As of now, Azure AI Foundry Project is the recommended option by Microsoft for most of your AI solutions.
Let us understand the details of each project type to understand the difference in more detail.
Azure AI Foundry project
- Azure AI Foundry project is a container for access management, data upload, integration, testing, deployment, and monitoring. This lets you keep your work separated between use cases without needing to create extra Azure resources. Projects function as folders to group related work.
- Azure AI Foundry project is managed under an Azure AI Foundry resource. (Please refer to the article “Azure AI Foundry Overview” for more details in Azure AI Foundry Resource)
- You can create multiple AI Foundry projects on an existing AI Foundry resource to enable team collaboration and shared resource access including security, deployments, and connected tools.

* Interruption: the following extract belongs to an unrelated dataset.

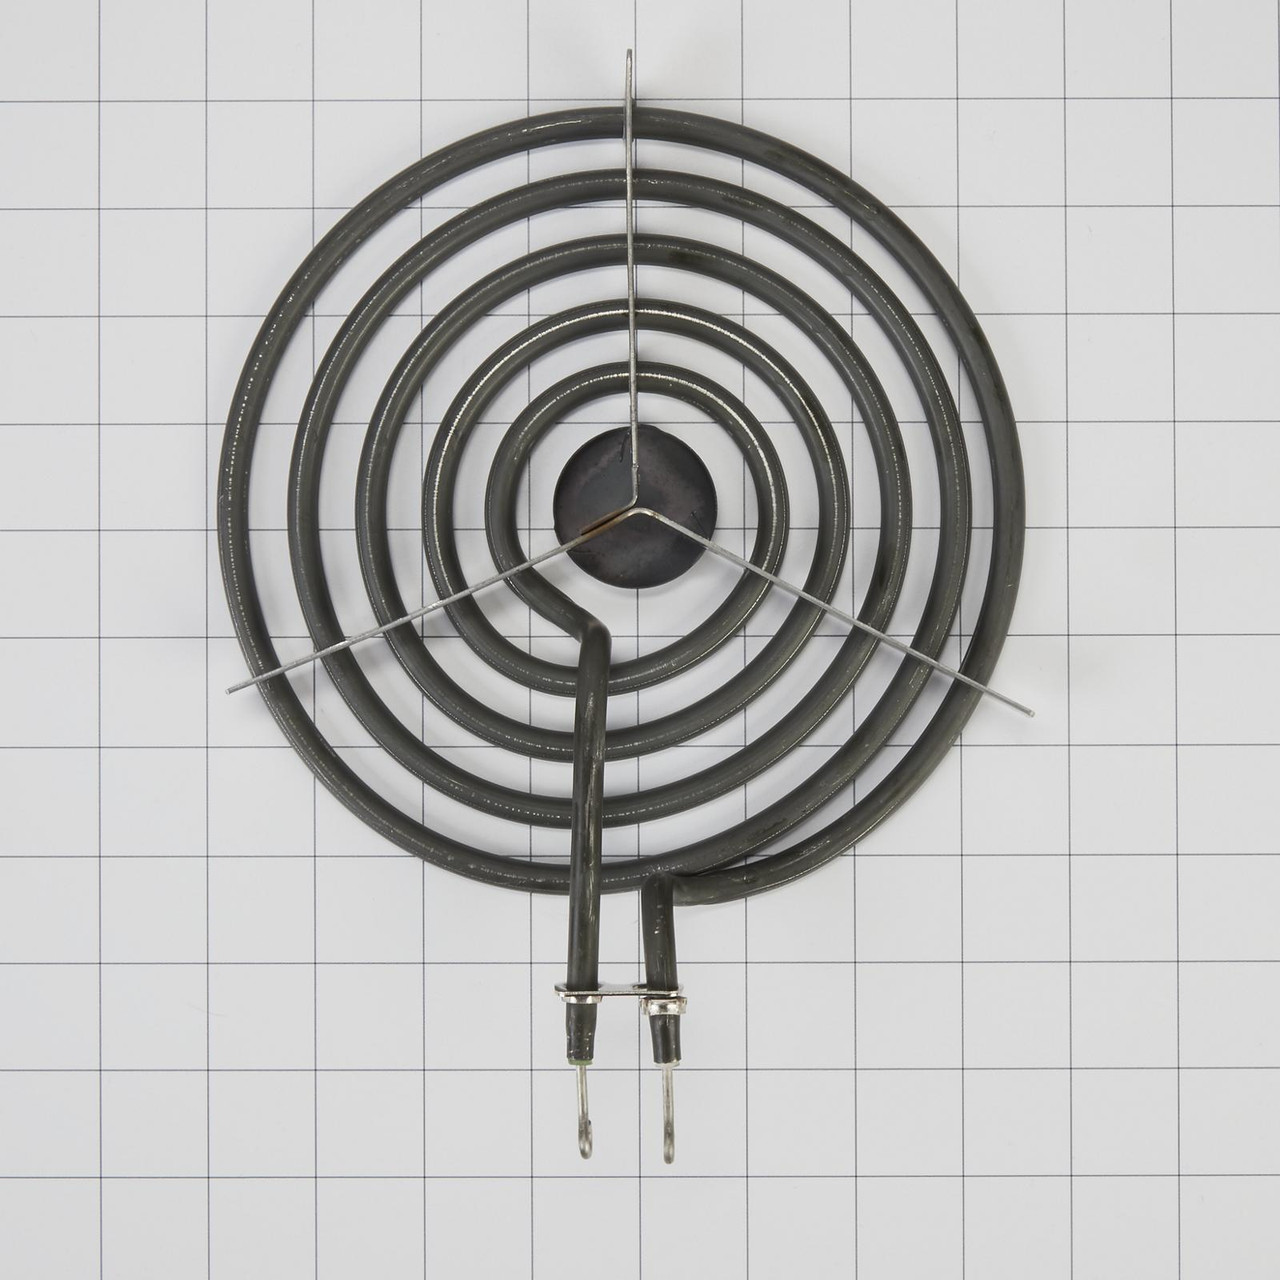 Whirlpool WP660533 - Electric Range Coil Surface Element - Image # 3

Fig 2: Azure AI Foundry Project Organization
Azure AI Foundry Hub project
- An Azure AI Foundry Hub project is managed under an Azure AI Hub resource. The hub defines the overall boundary for that project’s activities.
- The “Hub Project” was necessary as a bridge to existing or specialized Azure Machine Learning capabilities while Microsoft developed the more integrated, application-centric “Foundry Project” as its go-to platform for general generative AI development
- Hub projects can be used in Azure AI Foundry and Azure Machine Learning studio.
- Azure AI Hub is required for selected use cases. Some of these use cases are Model Fine Tuning, Model Evaluation and Prompt Flow
- Hubs and Projects are containers for project organization. The AI Hub project still requires a connection to the Azure AI Foundry resource to access core AI capabilities and deployed models.

Fig 3: Azure AI Foundry Hub Project Organization
Which type of project do I need?
In general, you should use an Azure AI Foundry project if you are looking to build agents or work with models.
Use a hub-based project when you need features that are not available in an Azure AI Foundry project. See the following table for more on feature availability.

Fig 4: Which project to use when
Azure AI environment is changing at a fast pace and hence it is advisable to check the latest documentation for the most up-to-date offerings.